Ingredients:
- 5 large (150 g) egg whites
- 1 cup (200 g) granulated sugar
- 1/8 tsp (1 g) fine sea salt
- 1 cup (2 sticks / 225 g) unsalted butter, cut into 1-inch cubes, soft room temperature
- 1 tsp (5 mL) pure vanilla extract
Instructions:
- Set up the Bain-Marie: Fill a small saucepan with about 1 inch (2.5 cm) of water and bring to a simmer over medium-low heat. Ensure the water does not touch the bottom of the heatproof mixing bowl.
- Combine Ingredients: Place the egg whites, sugar, and salt into the heatproof bowl. Whisk lightly by hand until just combined.
- Heat Gently: Place the bowl over the simmering water. Whisk continuously for 5-8 minutes until the mixture reaches 160°F (71°C). The sugar grains should be completely dissolved.
- Whip to Stiff Peaks: Immediately attach the hot bowl to the stand mixer, fitted with the whisk attachment. Whip on medium speed for 2 minutes, then increase to medium-high until the meringue forms stiff, glossy peaks.
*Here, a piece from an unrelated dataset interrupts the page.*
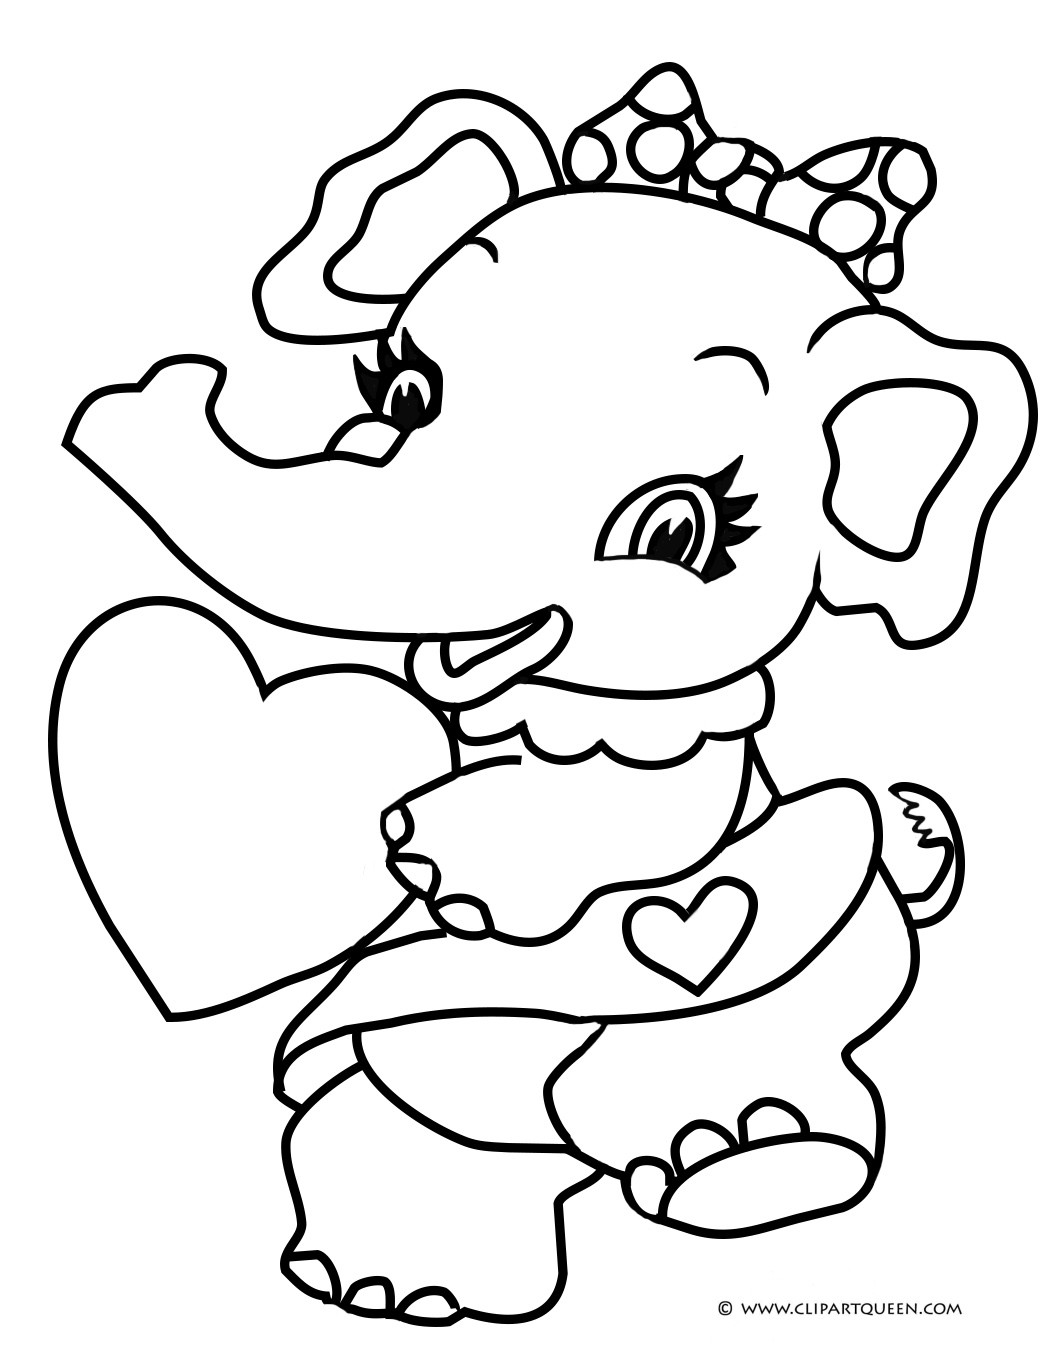 Valentines Coloring Pages For Kids
 15 Valentine s Day coloring pages

- Cool Completely: Continue whipping until the outside of the bowl feels completely cool to the touch (ideally below 80°F / 26°C). This cooling process may take 10-15 minutes.
- Switch Attachments: Change the attachment from the Whisk to the Paddle. Reduce the speed to low-medium.
- Add Butter Slowly: Add the soft, cubed butter, one cube at a time, allowing each cube to incorporate mostly before adding the next.
- Whip to Smoothness: The mixture will likely look curdled or soupy initially (the 'ugly phase'). Continue mixing on medium speed. After 5-10 minutes, the Swiss Meringue Buttercream will suddenly transform into a thick, pale, smooth, and velvety texture. Scrape down the bowl periodically.
- Final Flavouring: Once smooth, reduce speed to low and mix in the vanilla extract. Beat for one final minute to ensure everything is fully emulsified. Use immediately or store.